Criteo Research is pleased to announce the release of a new dataset to serve as a large-scale standardized test-bed for the evaluation of counterfactual learning methods. At Criteo Research, we have access to several large-scale, real-world datasets that we would like to share with the external research community with the goal of both advancing research and facilitating an easier exchange of ideas. The dataset we are releasing has been prepared in partnership with Cornell University (Thorsten Joachim’s group) and the University of Amsterdam (Maarten de Rijke’s group).
Effective learning methods for optimizing policies based on logged user-interaction data have the potential to revolutionize the process of building better interactive systems. Unlike the industry standard of using expert judgments for training, such learning methods could directly optimize user-centric performance measures, they would not require interactive experimental control like online algorithms, and they would not be subject to the data bottlenecks and latency inherent in A/B testing.
Recent approaches for off-policy evaluation and learning in these settings appear promising [1,2], but highlight the need for accurately logging propensities of the logged actions.
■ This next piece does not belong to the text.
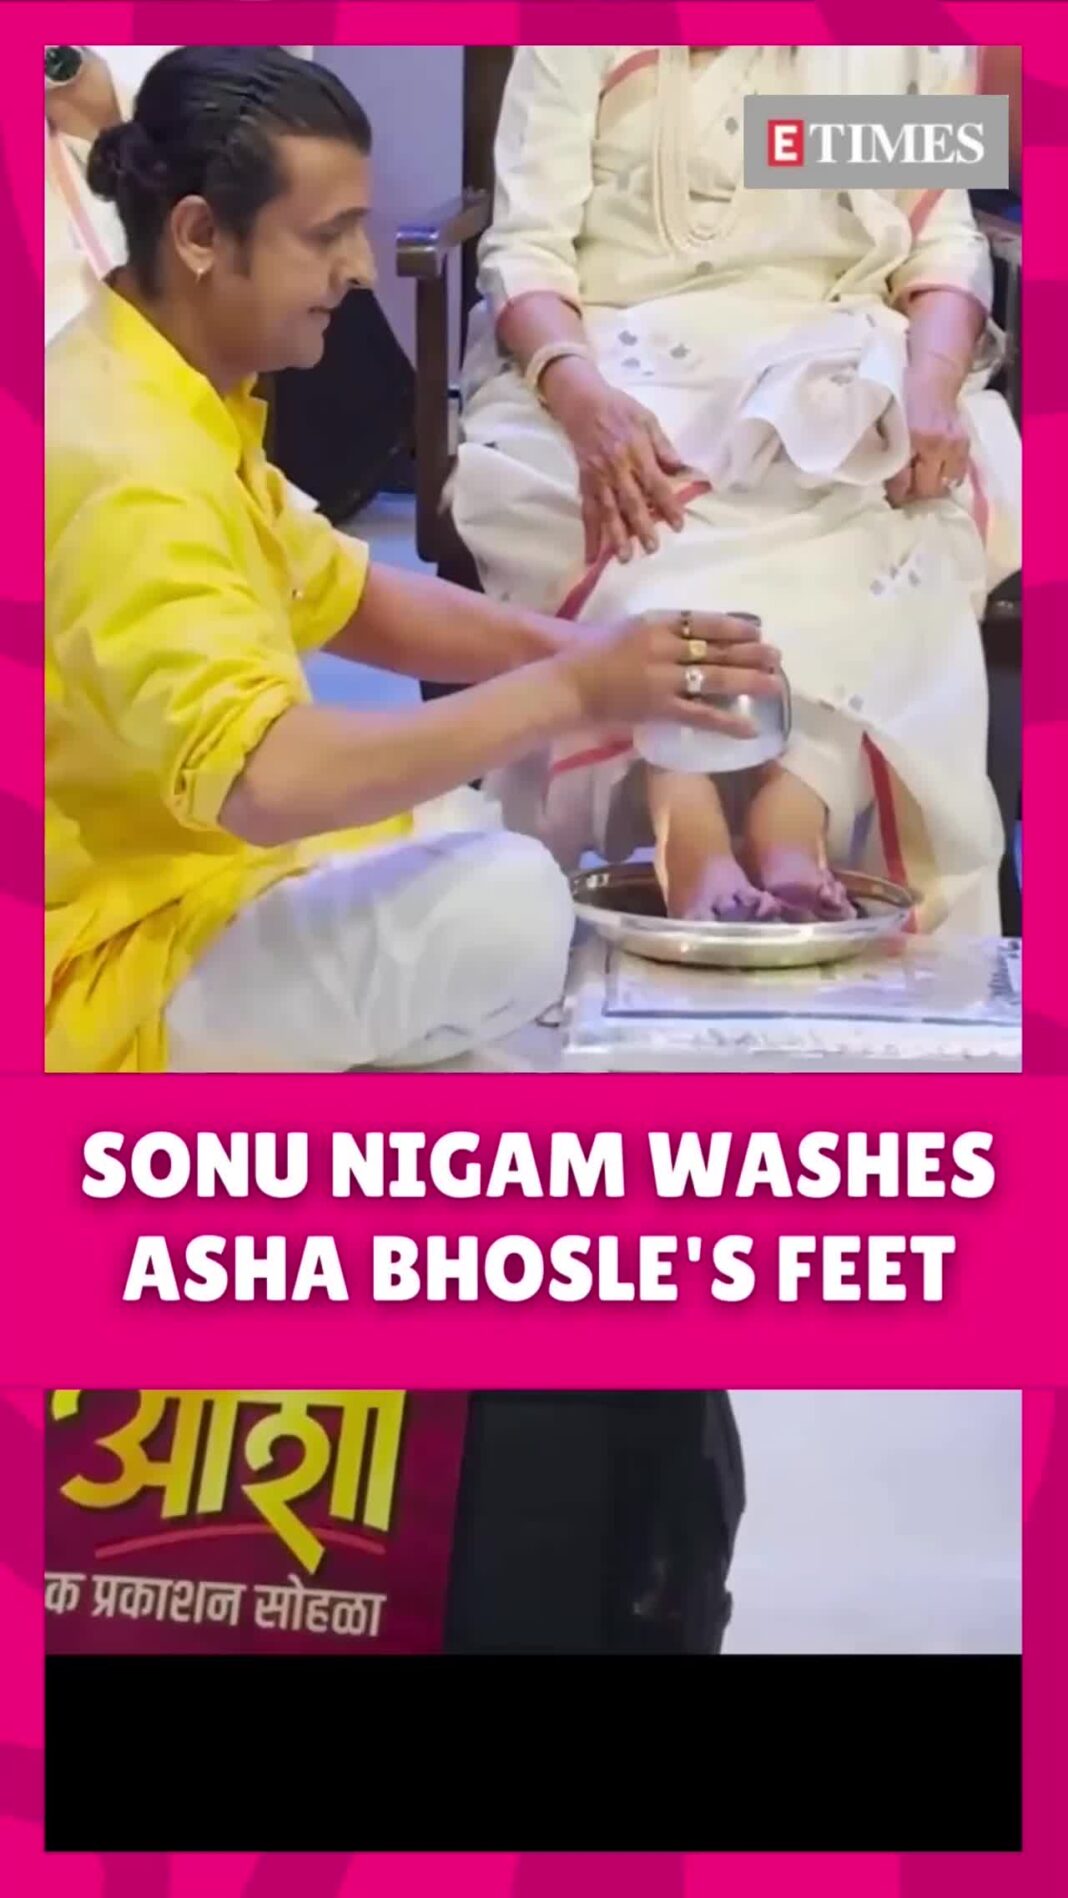 sonu-nigam’s-touching-gesture:-washes-asha-bhosle’s-feet-with-rose-water

With this dataset, we provide the first public dataset that contains accurately logged propensities for the problem of Batch Learning from Bandit Feedback (BLBF). Since past research on BLBF was limited due to the availability of an appropriate dataset, we hope that our test-bed will spur research on several aspects of BLBF and off-policy evaluation, including the following:
- New training objectives, learning algorithms, and regularization mechanisms for BLBF;
- Improved model selection procedures (analogous to cross-validation for supervised learning);
- Effective and tractable policy classes for the specified task; and
- Algorithms that can scale to massive amounts of data.
We also wrote a paper  to provide further insight into this dataset. In this paper, which will be presented at the What If workshop at NIPS 2016, we propose an evaluation methodology for running BLBF learning experiments and a standardized test-bed that allows the research community to systematically investigate BLBF algorithms. We also show results comparing state-of-the-art off-policy learning methods like doubly robust optimization , POEM , and reductions to supervised learning using regression baselines. Our results show, for the first time, experimental evidence that recent off-policy learning methods can improve upon state-of-the-art supervised learning techniques on a large scale, real-world data set.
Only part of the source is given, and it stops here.